Colonel A---- (the reader will learn why I give neither his name nor
real rank) spoke with some bitterness of the inquisitiveness which
rendered it impossible, he said, to trust an American with a secret,
and very difficult to keep one without lying. We were presently joined
by Major B----, who had been employed during the war in the conduct of
many critical communications, and had shown great ingenuity in
devising and unravelling ciphers. On this subject a somewhat
protracted discussion arose. I inclined to the doctrine of Poe, that
no cipher can be devised which cannot be detected by an experienced
hand; my friends indicated simple methods of defeating the processes
on which decipherers rely.
"Poe's theory," said the Major, "depends upon the frequent recurrence
of certain letters, syllables, and brief words in any given language;
for instance, of _e_'s and _t_'s, _tion_ and _ed_, _a_, _and_, and
_the_ in English.

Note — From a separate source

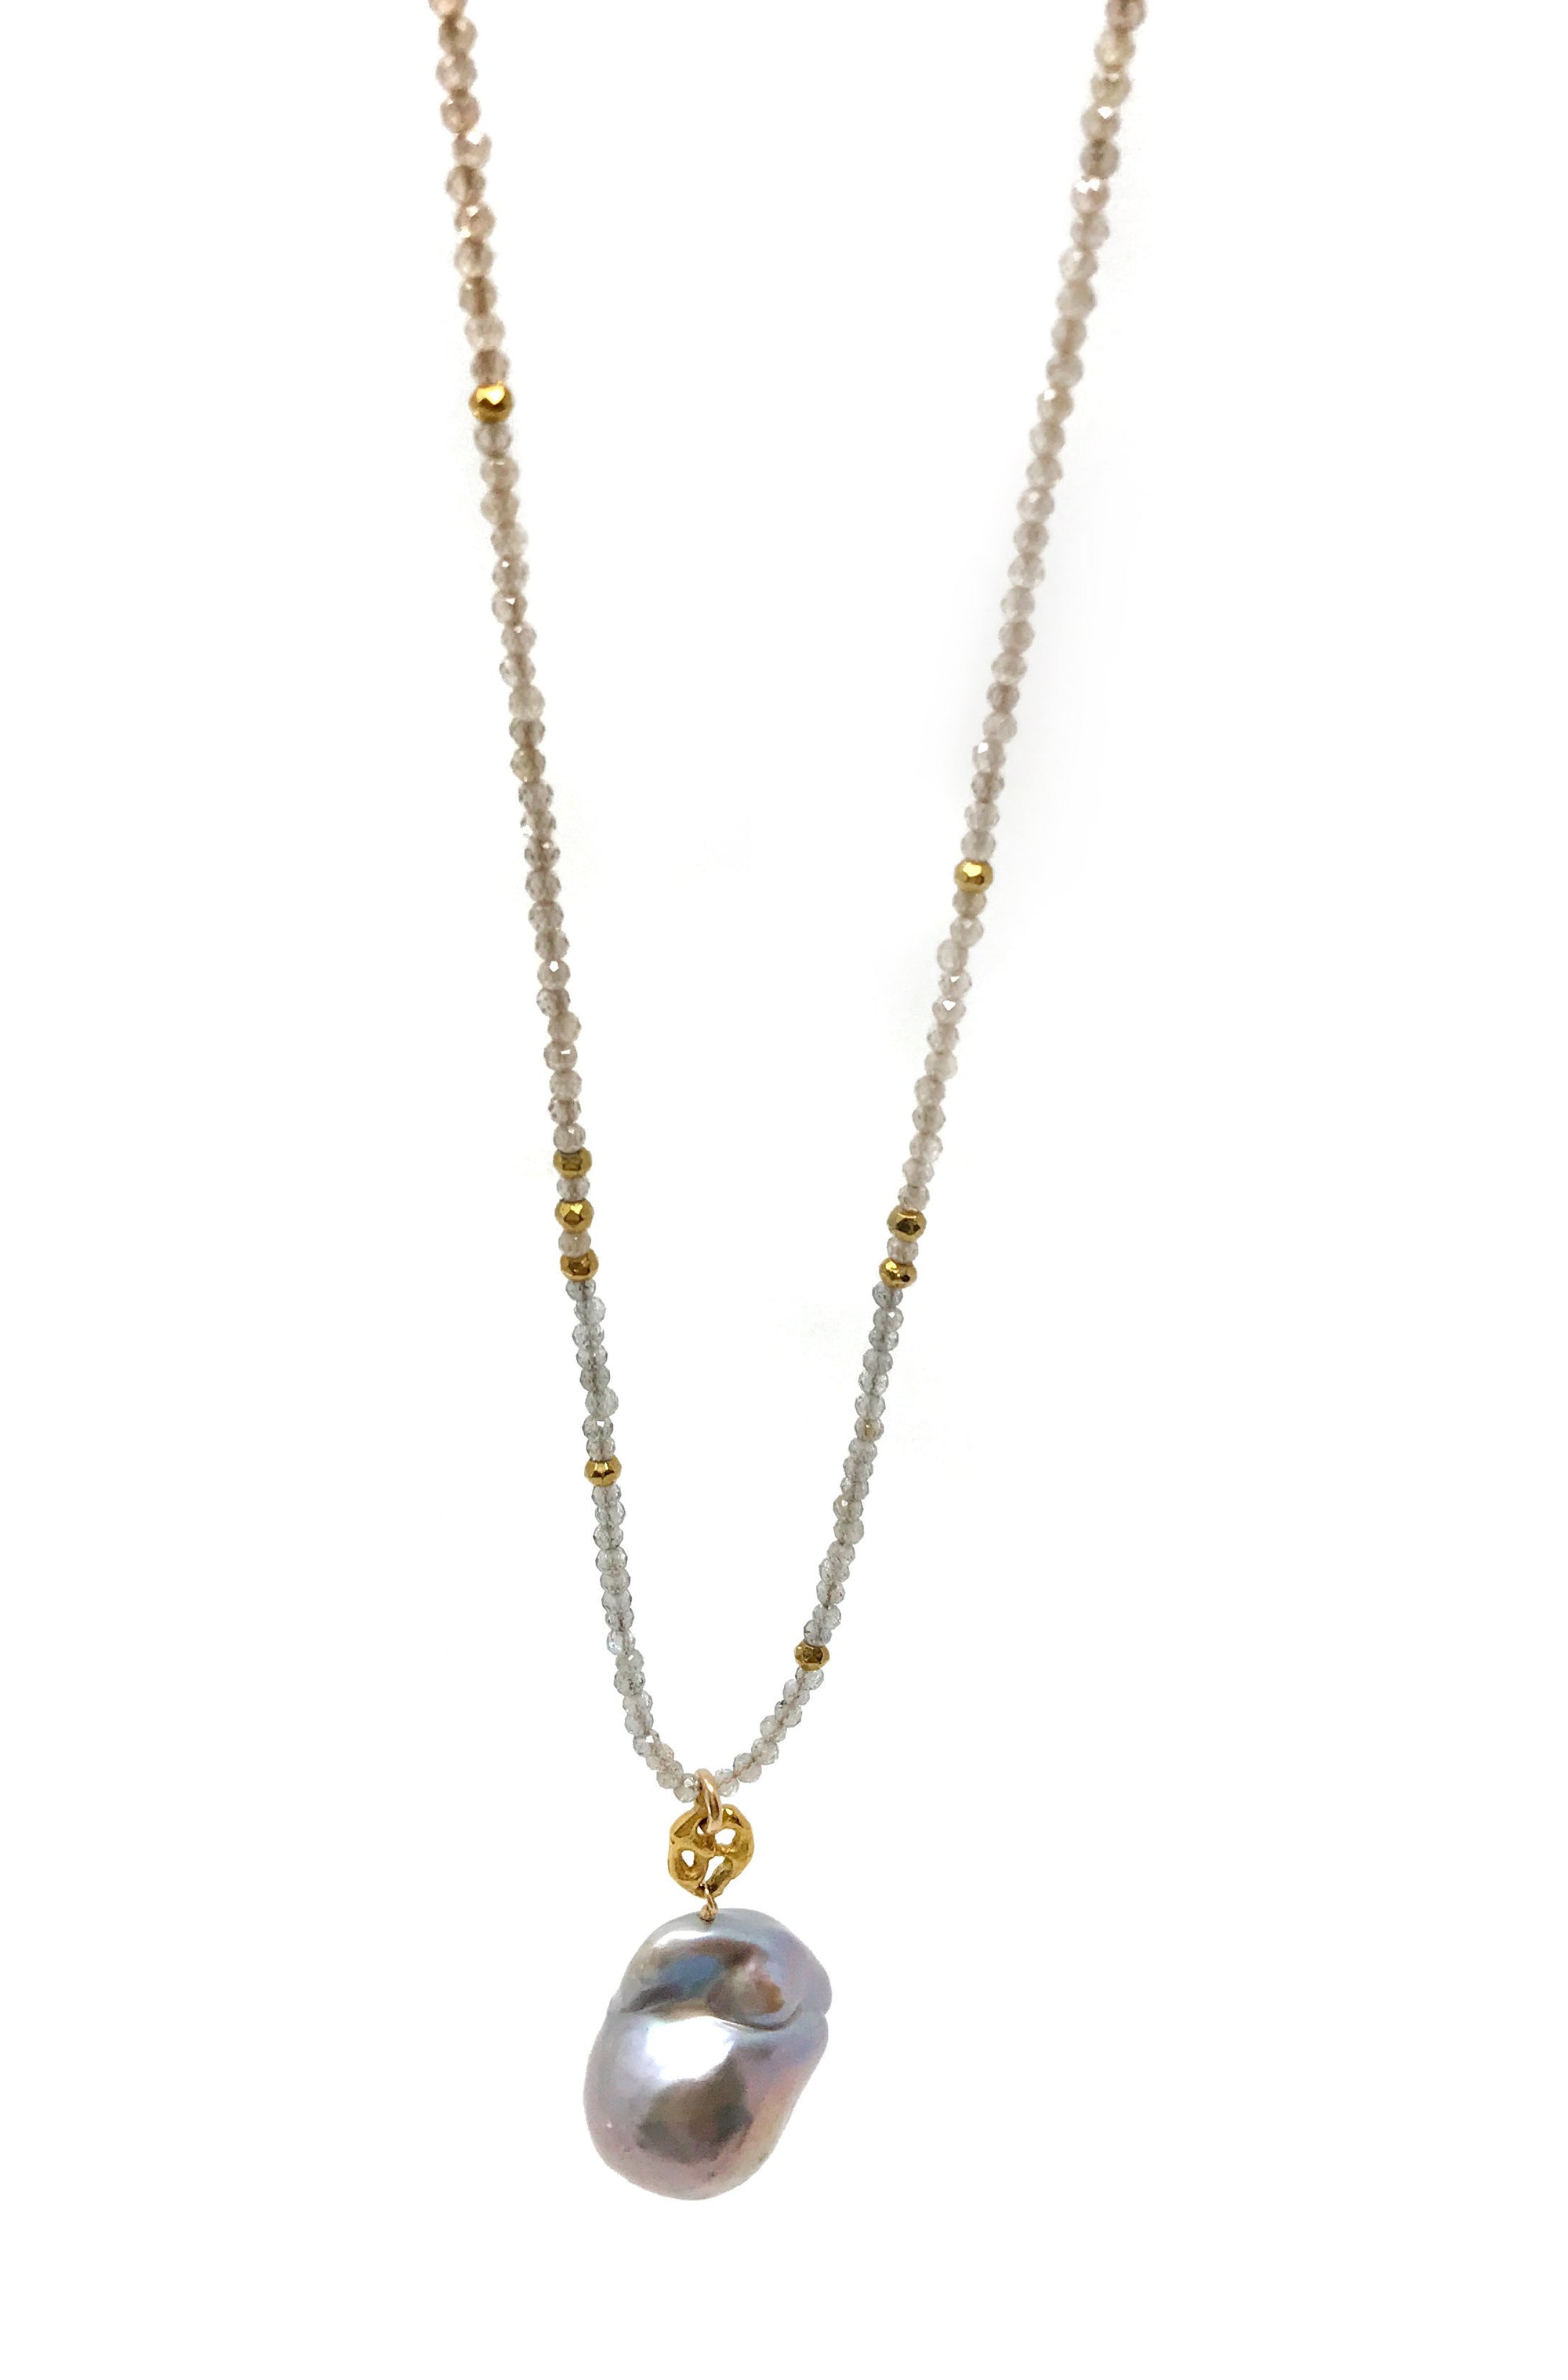 Labradorite, Zircon and Baroque Pearl Necklace

Now it is perfectly easy to introduce abbreviations
for each of the common short words and terminations, and equally easy
to baffle the decipherer's reliance thereon by inserting meaningless
symbols to separate the words; by employing two signs for a common
letter, or so arranging your cipher that no one shall without extreme
difficulty know which marks stand for single and which for several
combined letters, where one letter ends and another begins.